[Data shown — start]
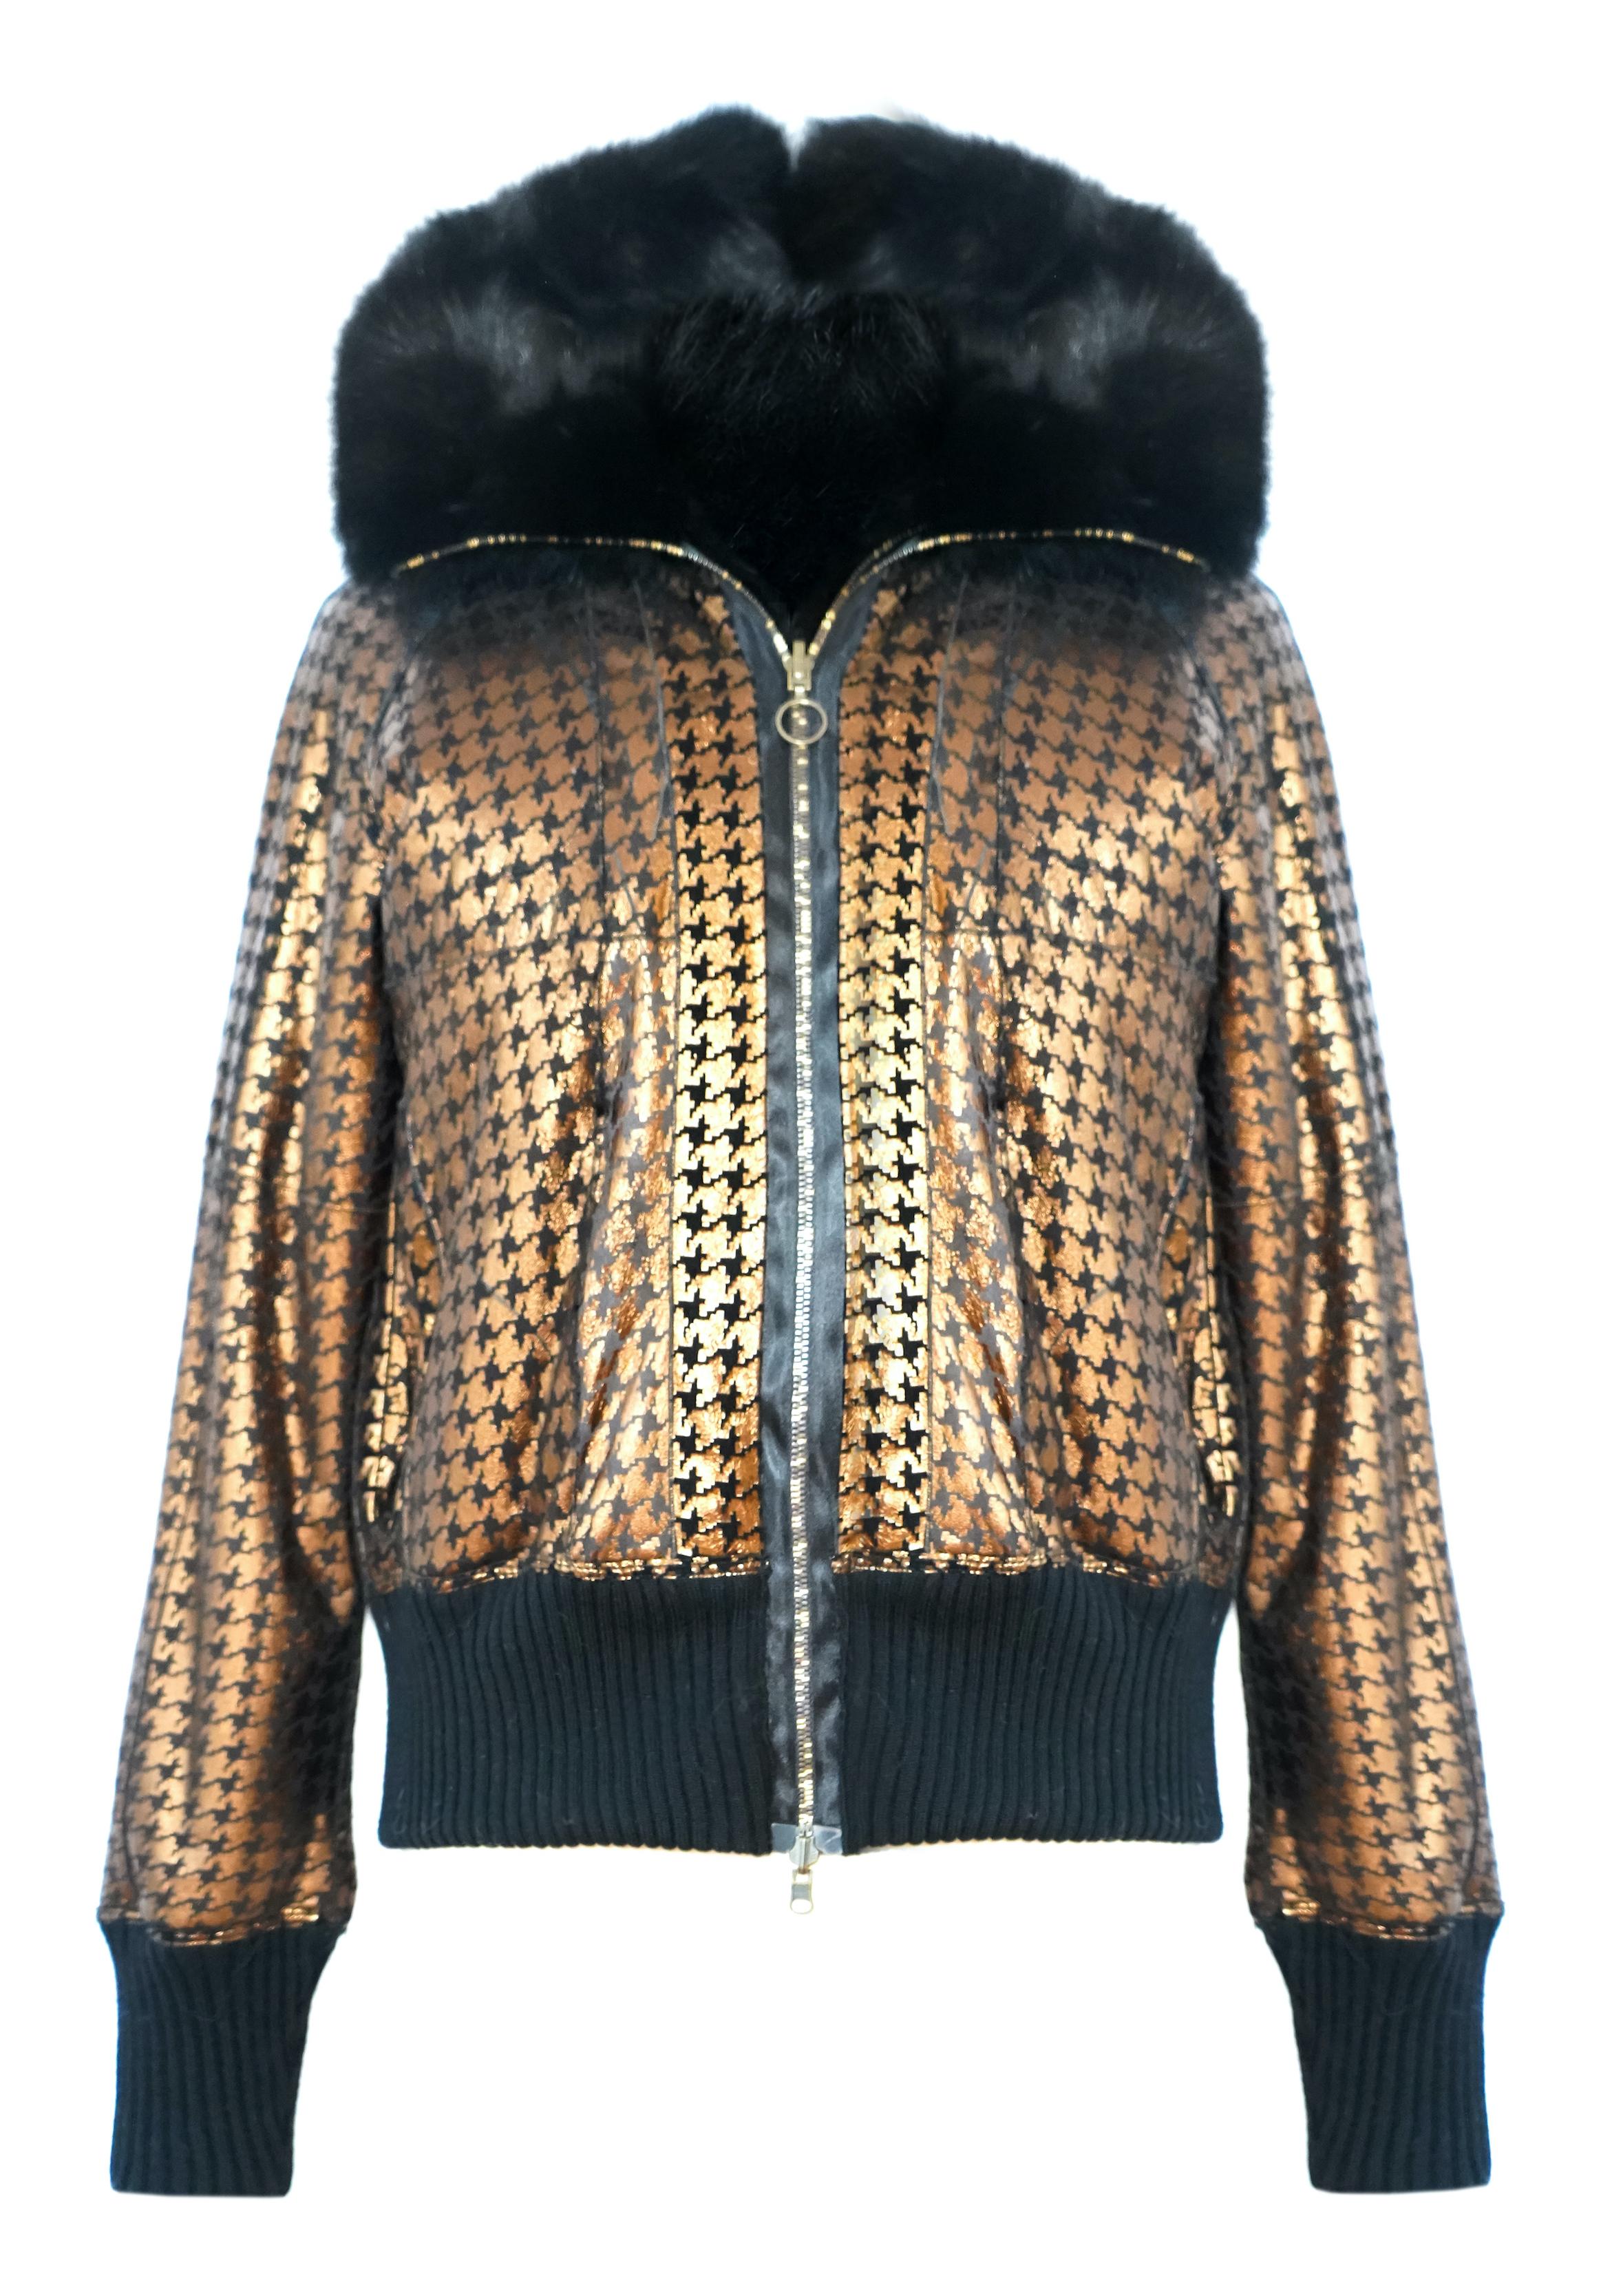 Helen Yarmak Barguzin Sable Jacket In New Condition For Sale In New York, NY
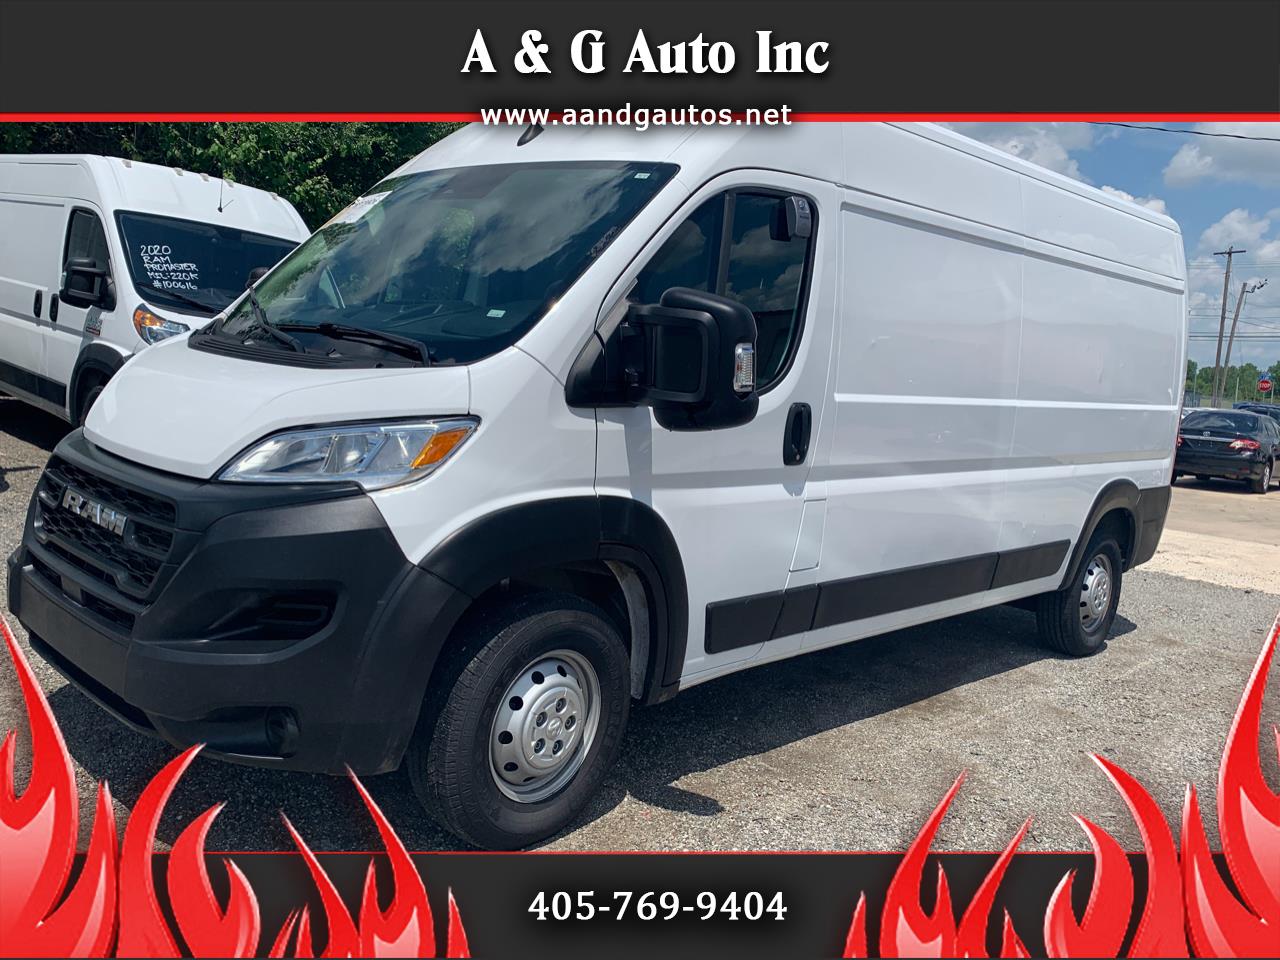 2023 RAM Promaster for sale in Oklahoma City OK 73141 by A & G Auto Inc
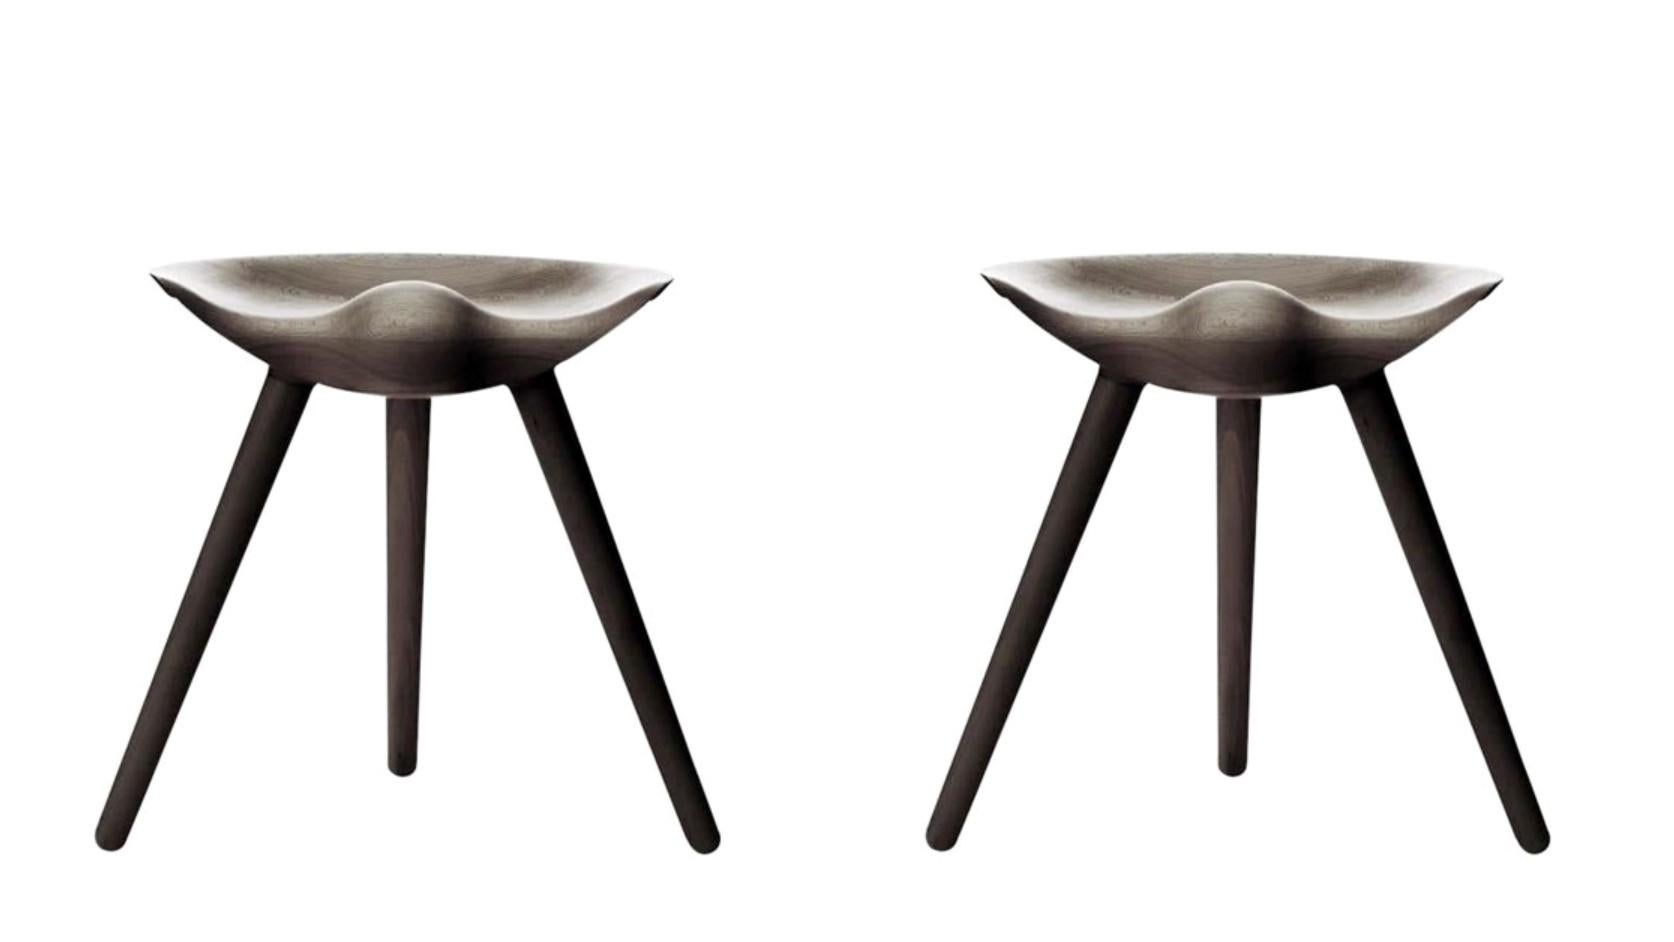 Set of 2 ML 42 brown oak stools by Lassen.
Dimensions: H 48 x W 36 x L 55.5 cm.
Materials: Oak.

In 1942 Mogens Lassen designed the Stool ML42 as a piece for a furniture exhibition held at the Danish Museum of Decorative Art. He took inspiration
[Data shown — finish]
◆ The problem ◆
Reproduce the complete set of records verbatim and omit the pictures.

◆ Problem solution ◆
 Helen Yarmak Barguzin Sable Jacket In New Condition For Sale In New York, NY
 2023 RAM Promaster for sale in Oklahoma City OK 73141 by A & G Auto Inc
 Set of 2 ML 42 brown oak stools by Lassen.
Dimensions: H 48 x W 36 x L 55.5 cm.
Materials: Oak.

In 1942 Mogens Lassen designed the Stool ML42 as a piece for a furniture exhibition held at the Danish Museum of Decorative Art. He took inspiration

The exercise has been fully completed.